O primeiro deles data de 1913, na região de Iguape, batizado
na época de Katsura e constituído por 30 famílias de imigrantes

 

Hiroshi Saito em sua obra O Japonês no Brasil, divide a corrente migratória dos japoneses para o Brasil em três grandes períodos. A primeira fase vai de 1908/1925 e é definida como a “fase de tentativa e de experiência”, em que os imigrantes foram subsidiados, principalmente pelo governo do Estado de São Paulo.

O segundo período vai de 1926 até 1941, considerado o auge do movimento, e foi subsidiado e estimulado pelo governo japonês. Nessa fase, destaca-se o regime de cotas adotado pelo Brasil em 1935, que reduziu a entrada de imigrantes japoneses. A terceira fase vai de 1942 até 1953, quando o movimento é retomado com o reestabelecimento das relações entre Brasil e Japão.

Enfrentando dificuldades de adaptação, os imigrantes cumpriram os contratos com os fazendeiros (alguns fugiram antes de seu término). A partir de meados da década de 10, a geografia da localização desses imigrantes começa a mudar. Ao perceberem que seria impossível ganhar dinheiro como trabalhadores contratados, saem em busca da independência econômica como lavradores autônomos ou independentes.
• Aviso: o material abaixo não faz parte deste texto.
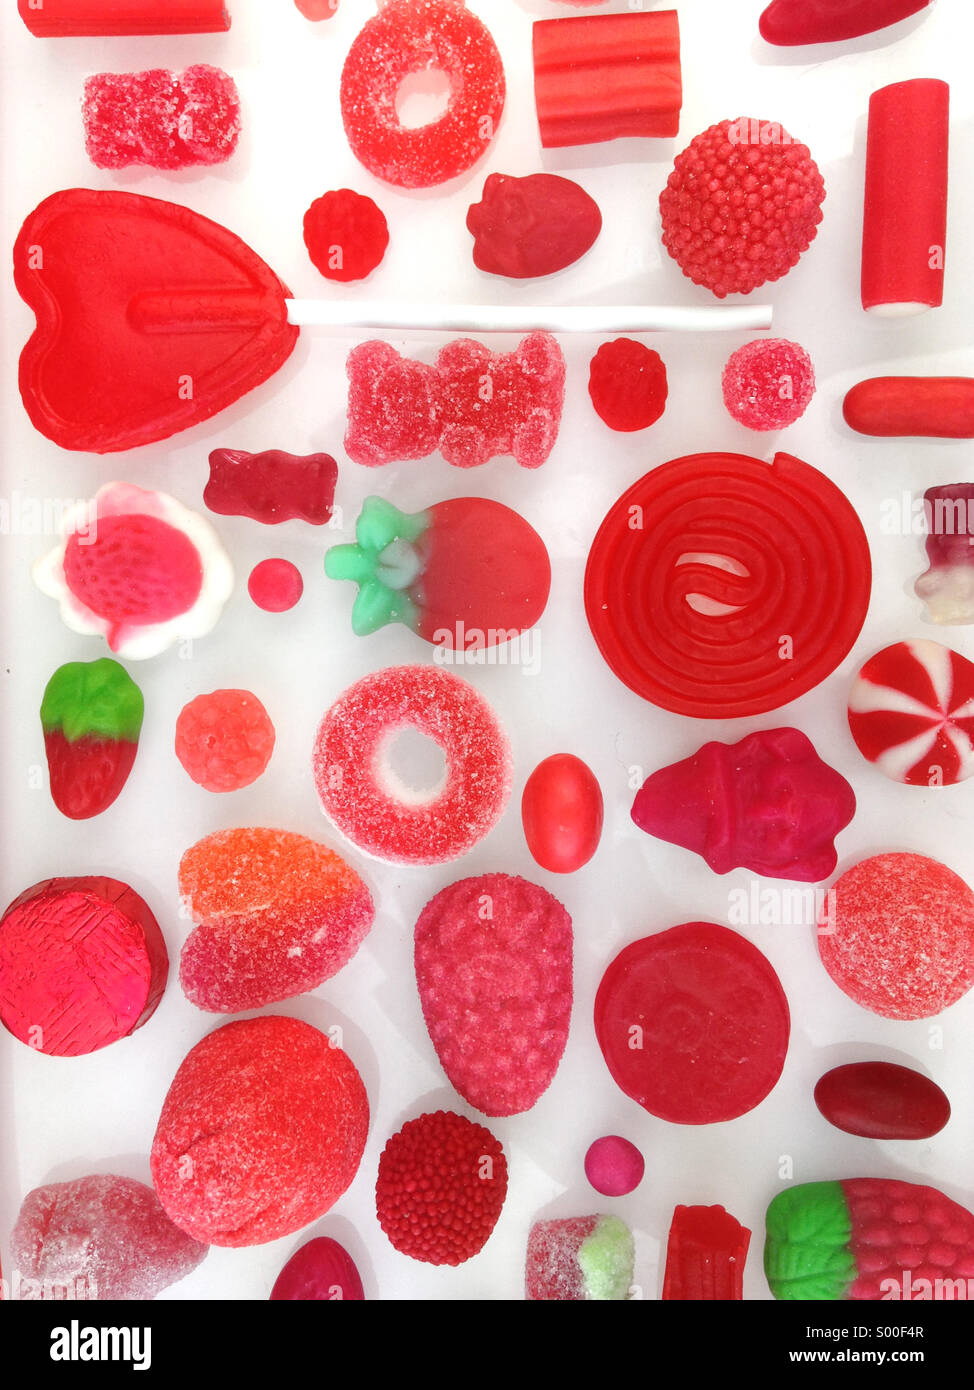 Assotted selection of red sweets and candies. Stock Photo

A partir de 1910, começam a surgir os primeiros sinais para a formação dos núcleos coloniais. Pode-se dizer que a imigração no Brasil teve vários tipos de colonização. Um é o planejado pelas companhias subvencionadas pelo governo brasileiro. O segundo foi aquele formado pelos próprios imigrantes em torno de um líder. Outro surgiu da venda de terras chamado shokuminchi, onde se comercializava lotes em matas virgens de grandes propriedades. E havia ainda aquele em que japoneses iam adquirindo terras na mesma área.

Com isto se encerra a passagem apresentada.